#### [Goal of the exercise]
Please set down exactly the lines of the listing below from the line containing "Base, Blue, Destroyed, Grass, Titan" through the line containing "Studio shot of", both lines included, leaving out all other lines.

#### [Exercise data]
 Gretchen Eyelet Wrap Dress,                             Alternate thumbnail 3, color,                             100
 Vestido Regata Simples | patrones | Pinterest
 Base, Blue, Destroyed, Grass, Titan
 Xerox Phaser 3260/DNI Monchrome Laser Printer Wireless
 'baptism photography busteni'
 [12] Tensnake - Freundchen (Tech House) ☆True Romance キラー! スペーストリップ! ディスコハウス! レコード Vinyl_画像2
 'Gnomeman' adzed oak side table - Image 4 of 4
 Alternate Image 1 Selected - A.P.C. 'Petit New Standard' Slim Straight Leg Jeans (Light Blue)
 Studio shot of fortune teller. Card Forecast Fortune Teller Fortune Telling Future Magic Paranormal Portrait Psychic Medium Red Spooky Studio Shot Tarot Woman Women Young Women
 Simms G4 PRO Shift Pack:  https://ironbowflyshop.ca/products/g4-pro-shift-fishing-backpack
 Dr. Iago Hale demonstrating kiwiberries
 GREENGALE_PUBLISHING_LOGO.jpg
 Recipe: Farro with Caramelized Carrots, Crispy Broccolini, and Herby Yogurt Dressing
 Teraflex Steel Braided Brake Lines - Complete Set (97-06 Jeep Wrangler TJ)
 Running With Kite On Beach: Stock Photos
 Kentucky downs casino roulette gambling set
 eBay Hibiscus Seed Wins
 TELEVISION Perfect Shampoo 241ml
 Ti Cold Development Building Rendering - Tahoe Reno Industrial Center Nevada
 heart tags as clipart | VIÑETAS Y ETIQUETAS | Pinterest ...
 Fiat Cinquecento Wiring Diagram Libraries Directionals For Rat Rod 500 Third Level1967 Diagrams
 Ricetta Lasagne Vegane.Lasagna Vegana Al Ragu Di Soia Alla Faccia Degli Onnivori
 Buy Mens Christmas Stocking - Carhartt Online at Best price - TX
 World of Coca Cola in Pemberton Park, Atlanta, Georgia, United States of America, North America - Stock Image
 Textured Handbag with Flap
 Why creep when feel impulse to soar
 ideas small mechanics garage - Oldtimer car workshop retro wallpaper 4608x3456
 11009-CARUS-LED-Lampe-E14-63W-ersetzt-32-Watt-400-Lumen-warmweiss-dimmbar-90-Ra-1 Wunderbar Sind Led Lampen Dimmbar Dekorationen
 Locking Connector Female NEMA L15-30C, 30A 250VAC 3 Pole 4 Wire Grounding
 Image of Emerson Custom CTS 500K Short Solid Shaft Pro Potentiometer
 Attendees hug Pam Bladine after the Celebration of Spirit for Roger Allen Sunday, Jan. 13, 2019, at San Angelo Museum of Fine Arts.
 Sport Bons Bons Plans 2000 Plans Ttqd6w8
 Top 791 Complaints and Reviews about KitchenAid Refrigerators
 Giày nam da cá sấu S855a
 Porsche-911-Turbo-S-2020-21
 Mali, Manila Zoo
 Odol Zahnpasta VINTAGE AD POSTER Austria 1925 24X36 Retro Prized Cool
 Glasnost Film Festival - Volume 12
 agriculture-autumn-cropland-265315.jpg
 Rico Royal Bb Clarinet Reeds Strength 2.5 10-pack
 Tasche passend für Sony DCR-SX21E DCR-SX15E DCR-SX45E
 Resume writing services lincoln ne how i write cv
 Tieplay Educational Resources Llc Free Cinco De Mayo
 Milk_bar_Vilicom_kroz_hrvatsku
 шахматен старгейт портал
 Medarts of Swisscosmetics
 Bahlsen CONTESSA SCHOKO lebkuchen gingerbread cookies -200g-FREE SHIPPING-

#### [Answer for the task]
 Base, Blue, Destroyed, Grass, Titan
 Xerox Phaser 3260/DNI Monchrome Laser Printer Wireless
 'baptism photography busteni'
 [12] Tensnake - Freundchen (Tech House) ☆True Romance キラー! スペーストリップ! ディスコハウス! レコード Vinyl_画像2
 'Gnomeman' adzed oak side table - Image 4 of 4
 Alternate Image 1 Selected - A.P.C. 'Petit New Standard' Slim Straight Leg Jeans (Light Blue)
 Studio shot of fortune teller. Card Forecast Fortune Teller Fortune Telling Future Magic Paranormal Portrait Psychic Medium Red Spooky Studio Shot Tarot Woman Women Young Women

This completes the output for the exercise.